長野諏訪地方巡拝紀行-3

どうも荒川鯉師です。
2日目に参拝した中で諏訪紀行初となる神社『手長神社』を紹介致します。それではどうぞ。

手長神社


御祭神を手摩乳命(てなづちのみこと)として祀る。諏訪大神の曾祖母にあたる奇稲田姫の母神にあたり、夫神を脚摩乳命であり、家庭円満・子育ての神として崇敬され「おてながさま」として永年親しまれて来た。
神紋は諏訪大社と同様に諏訪梶の葉であり、夫神の脚摩乳命は市内四賀桑原に足長神社として祀られている。(足長神社については後述)
「おてながさま」のそのお姿から、稲を慈しんで育てる農民の姿にも通じる事から、市内を流れる角間川流域に開けた田畑の五穀豊穣を祈念する氏子は多く、秋ともなると大きく育った作物が御神前に供えられる。
また古来より、おてながさまに芸を奉納すると手が綺麗になると伝えられ、境内を初舞台として歌舞を奉納する者は少なくない。

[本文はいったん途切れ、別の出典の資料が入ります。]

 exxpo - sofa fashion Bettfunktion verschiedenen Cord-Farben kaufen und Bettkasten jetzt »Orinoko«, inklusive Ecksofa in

諏訪大社上社社家の矢島権祝家に伝わる『矢島家文書』の「上諏訪神社旧記」には、手長彦神と足長雄神が見え、諏訪大明神に従って諏訪に降りたと伝えており、また旧家に残る郷原家文書』には、諏訪大明神が諏訪に降りた時、当時一面湖水に満ちていたこの地方を手長神に舟を出させて、山並みを切り開かせ水位を下げて開拓を行ったと伝えられる。
他にも『諏訪大明縁起画詞』にも従者として「手長」が登場しており、この「手長」とは手長神では無いかと言われており、諏訪大神の従者の点から柳田国男氏も言及している。

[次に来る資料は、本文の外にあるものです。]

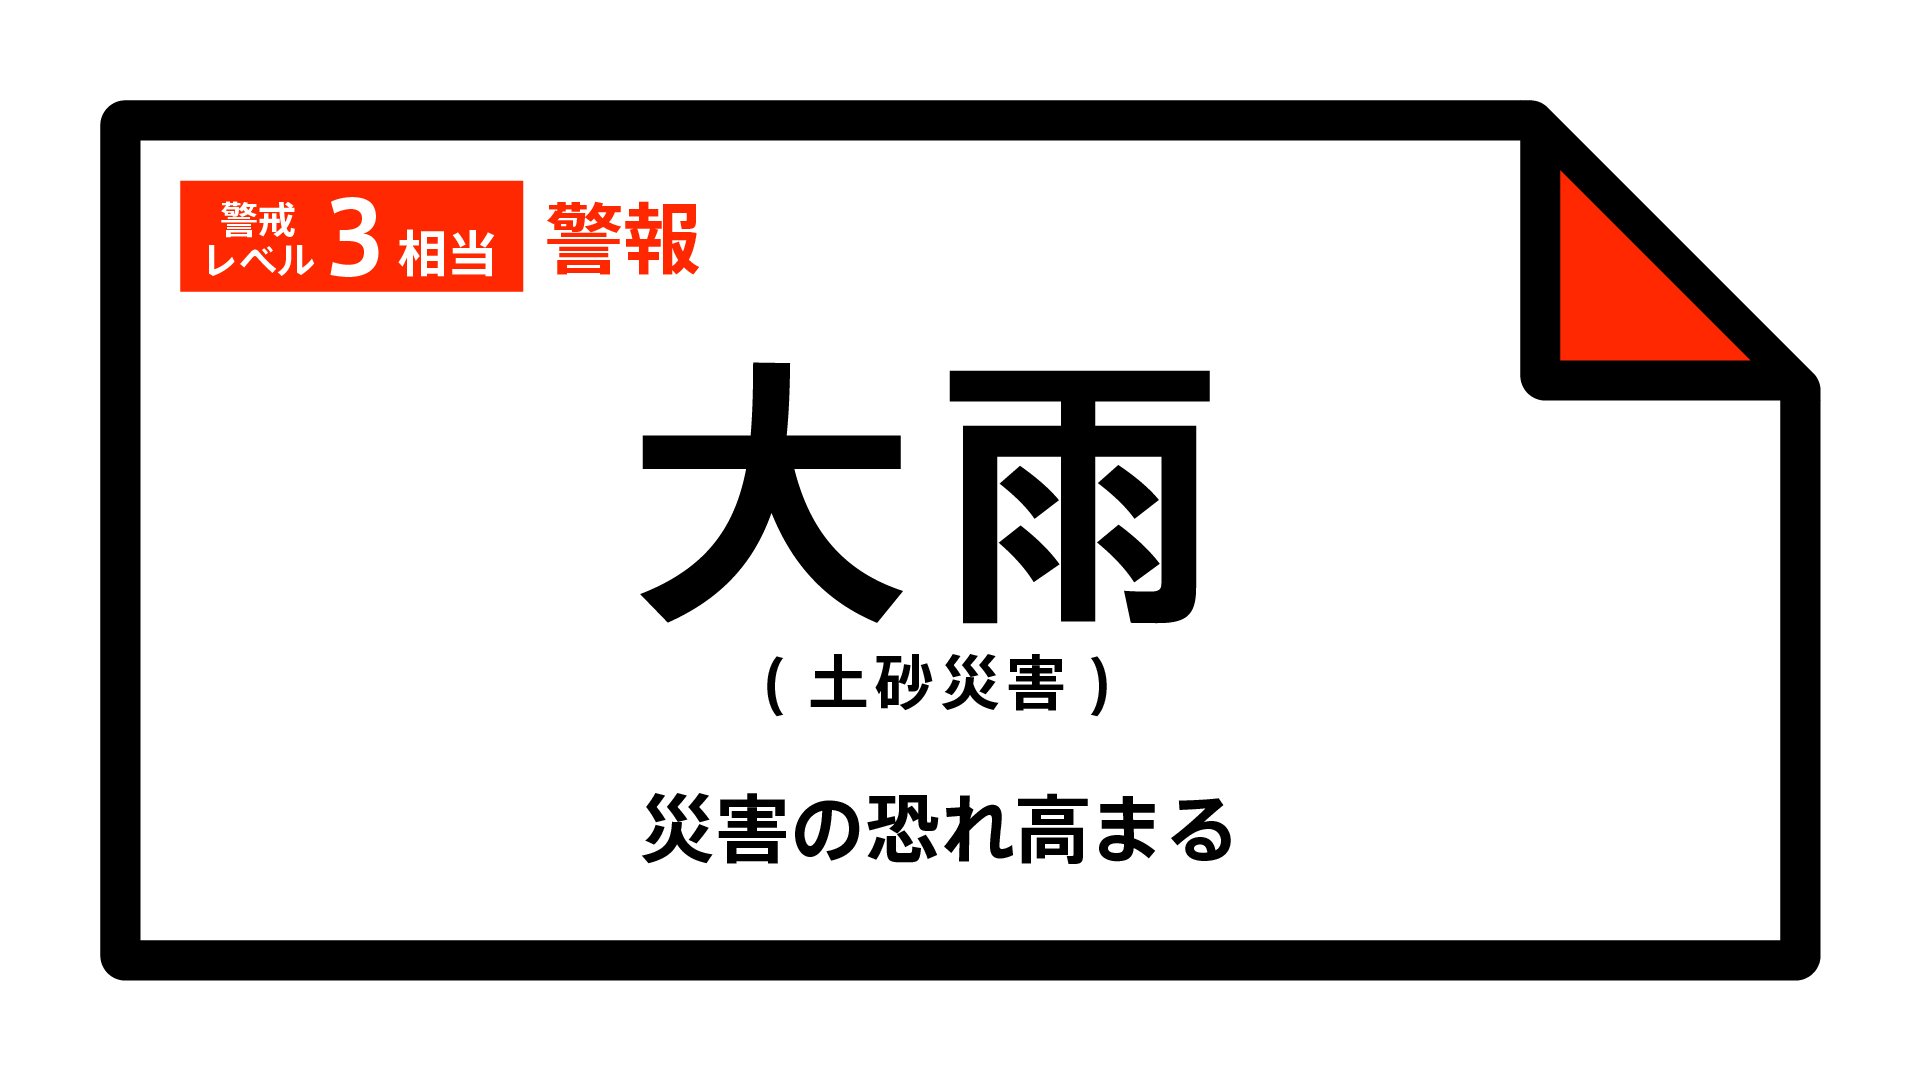 【大雨警報】福岡県・久留米市、八女市、うきは市に発表

境内近傍に旧石器時代古墳時代の遺跡が上諏訪中学校教諭 林茂樹先生(当時)によって発掘され、旧石器時代の遺跡は群馬県岩宿遺跡に次ぐものであり、一大発見であった。発掘された出土品から考察するに、この遺跡では祭祀遺跡である可能性が高く、この当時からこの地は神聖な土地として現在の手長神社が建立された事は容易に想像出来る。
1591(天正十九)年に高島城が築城されると、この神社が鬼門に当たる事から高島藩主より代々崇敬されて来た。